A difficult and overdue decision: Leaving the Omicron Beta Chapter of Chi Omega


Both the National Headquarters of Chi Omega and the Omicron Beta Chapter itself — as well as the entire White Greek Life System, perpetuate and benefit from systemic racism through recruitment practices, the dues system, and the consistent alienation and silencing of Black and Brown women. Ultimately, after much consideration and discussion, we have concluded that reform of systemic racism and practices is not possible, and we recognize the best course of action is to disaffiliate and disavow the White Greek Life system.

First and foremost, the former members who composed this letter were all participants of the very system we seek to challenge; we joined for reasons likely similar to those who are still members of Panhellenic (NPC) and Interfraternity (IFC) Councils, and we understand that these reasons are powerful and compelling. We openly invite others to engage with us in this conversation in hopes of creating an open dialogue on the issues systemic to White Greek Life.

The intention of this letter is not to demonize or chastise; rather, it is to emphasize the insidious and fundamental elements of racism within the NPC and IFC, or White Greek Life, and to push forward with a call for complete and total abolition, especially on the College of William and Mary’s campus.

There is no denying the College’s racist past: the first Black female students were accepted in 1967. Ironically, in 2018, the College celebrated “100 years of women,” which directly excluded Black women. Even after the College began accepting Black female students, it took much more time for Black women to be recruited by the Omicron Beta Chapter of Chi Omega. The very existence of the National Pan-Hellenic Council (NPHC), which exists to celebrate and promote Black/Afro-diasporic pride, history and culture, shows that White Greek Life inherently excludes Black people.

The Omicron Beta Chapter has an extensive history of racism and continues to perpetuate these practices to this day. Omicron Beta fails to make meaningful contributions or pushes for accountability and ultimately, the members seem to care more about maintaining their image when met with critique. In the past, the Chapter participated in Black face and other culturally insensitive incidents.

Today, Omicron Beta’s racism is more discreet, but it is still powerful and pervasive. Some examples from recent years include culturally appropriative and racist Halloween costumes, apathy at Diversity, Equity and Inclusion conversations, microaggressive behavior, and insensitive recruitment videos. These actions were rarely, if ever, met with discipline or action from the Chapter’s executive board.

There is a clear divide in the prioritization of values within the Chapter. While the visible, performative elements of anti-racism present themselves in forums with high viewership, oftentimes the labor is allocated to the so-called “social justice warriors.” This creates a sense of ease and complacency within the Chapter, without the intensive work that is required to truly and actively address anti-racism.

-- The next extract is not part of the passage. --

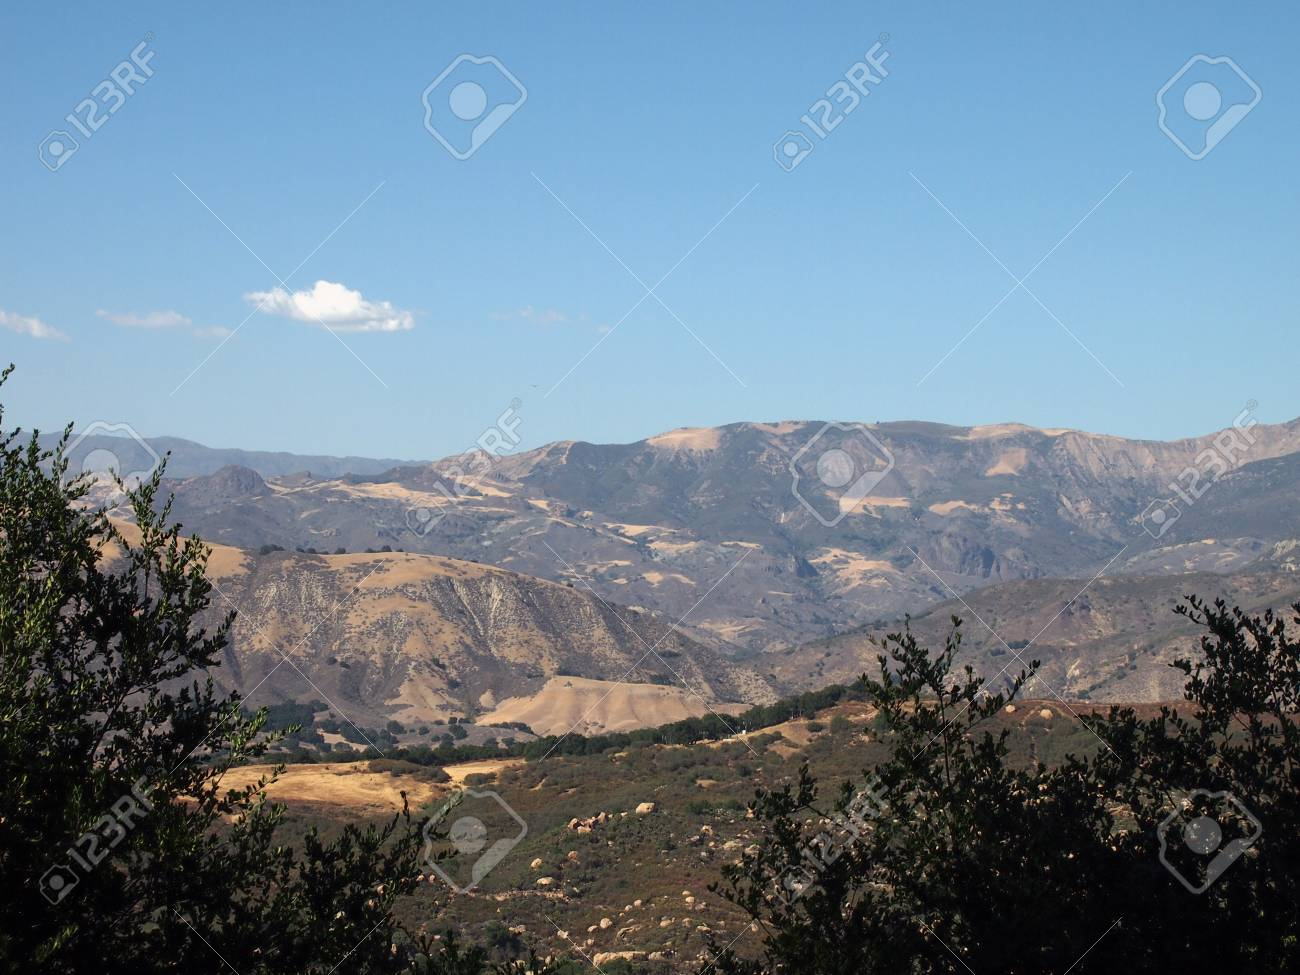 Mountain Landscape of California seen over tops of trees in Santa Barbara area Stock Photo - 18153579

This produces a veil of protection for the organization, as the small DEI conversations that were often met with indifference at the time, are referenced and idealized for social capital and as a defense against claims of racism. This raises the question: what work are the Interfraternity and Panhellenic Councils doing to actively dismantle racism, even when Twitter is quiet, when pressure is low, and when no one is watching? Or are these Councils merely acting as a form of performative damage control, listing action steps only to lose interest once the hashtag #BLM stops trending?

As much as the White Greek Community at the College speaks of values, there is little introspection required to be in any Chapter. The Black Lives Matter protests this summer renewed the need for us all to examine our participation in organizations. This is when Omicron Beta, among many other sororities, released statements against racial injustice, words that could have been so impactful but were empty and disappointing. While the Chapter shares messages of support outwardly in the campus community, there was little inward reflection of the Chapter or support of the DEI initiatives proposed by members, many of whom are leaving the Chapter today.

To white individuals in these organizations: we ask you to reconsider your membership.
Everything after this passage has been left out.